Несколько раз Нен-Нуфер видела в храме царицу, приносившую богатые дары. Она не сомневалась, что Пта оставался доволен красивыми украшениями, тончайшими тканями, дорогими благовониями… О, да, эта женщина была достойна фараона. Ее розовое тело светилось под тончайшими одеяниями, а прямые черные волосы струились вдоль плеч, ниспадая вперед тоненькими косичками. Прекрасная диадема с дорогими каменьями украшала высокий лоб. Она затмевала окружавших ее красавиц, и даже рабыни выбегали поглазеть на нее, но Нен-Нуфер пряталась за колонной, считая себя недостойной взгляда супруги его святейшества.
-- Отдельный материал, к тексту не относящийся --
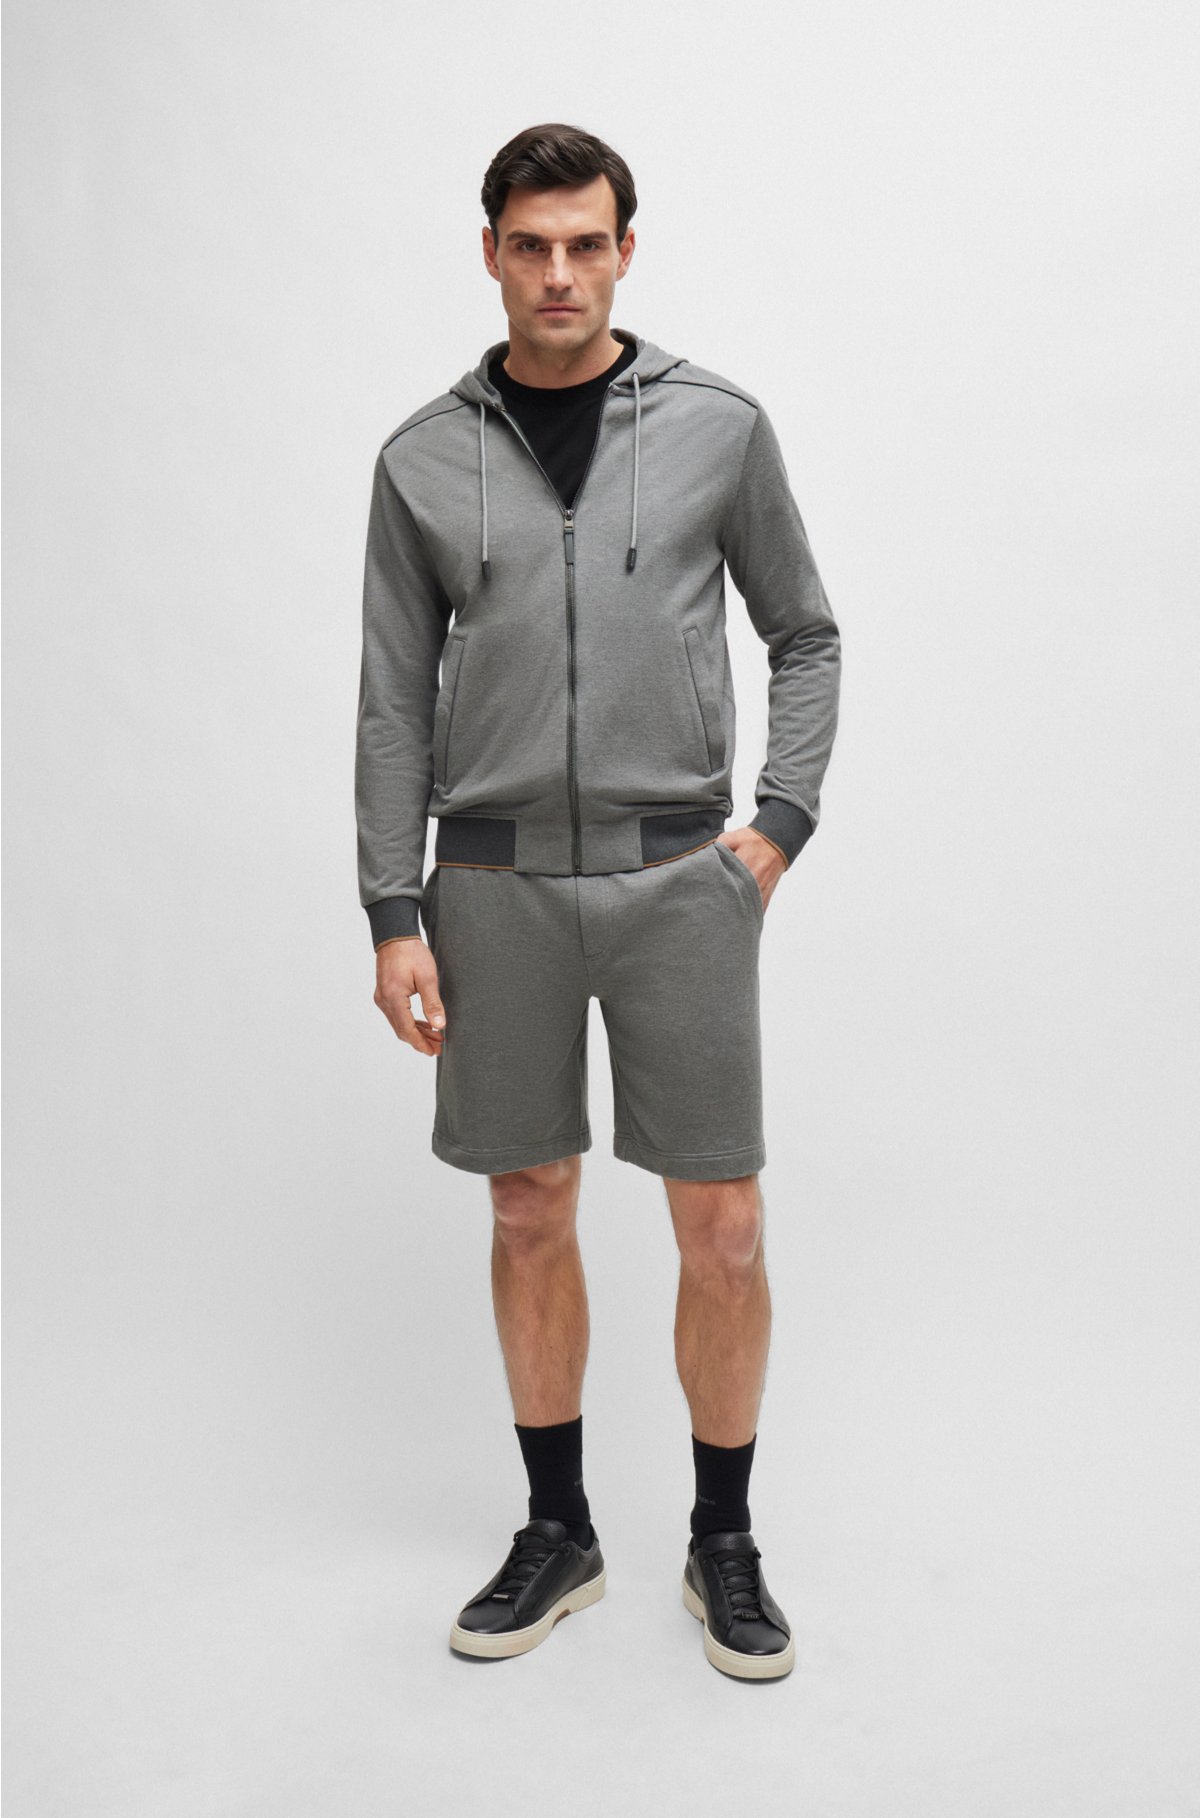 Double-faced zip-up hoodie in cotton, Grey

Прошло уже более двух лет с того дня, как она разбила с фараоном горшок, но так и не дала стране наследника. Может быть, поэтому она приносит такие богатые дары храмам.

Мучимая подобными мыслями, Нен-Нуфер взглянула в небольшое медное зеркало с ручкой в форме лотоса, которое недавно подарила ей жена верховного жреца. Оно лежало в небольшом деревянном ящичке вместе с гребнем и сосудами с краской — красной, зеленой и серой, которыми она до сих пор не воспользовалась, хотя прекрасно знала, что не безопасно появляться на солнце с неподведенными глазами. Не тронутыми оставались и бритва с щипцами. После холодной царственной красоты, Нен-Нуфер выглядела, как цветок сорняка рядом с прекрасным лотосом. С тяжелым вздохом девушка спрятала зеркало обратно в ларчик. Божественный повелитель никогда бы не задержал на ней своего лучезарного взгляда, не коснулся бы рукой округлости ее груди… Да как она смеет думать о вещах, которые должны вгонять в краску любую порядочную девушку Кемета. Да и как она вообще смеет помышлять о фараоне!

Однако мысли Нен-Нуфер часто возвращались к царственной чете. Весь Кемет бы ликовал, принеси царица наследника. Нен-Нуфер тайком молилась богам ниспослать фараону сына. Как печально должно быть царице. А каково Божественному! Но разве услышат боги ее тонкий голосок, когда они не откликаются на молитвы божественной супруги.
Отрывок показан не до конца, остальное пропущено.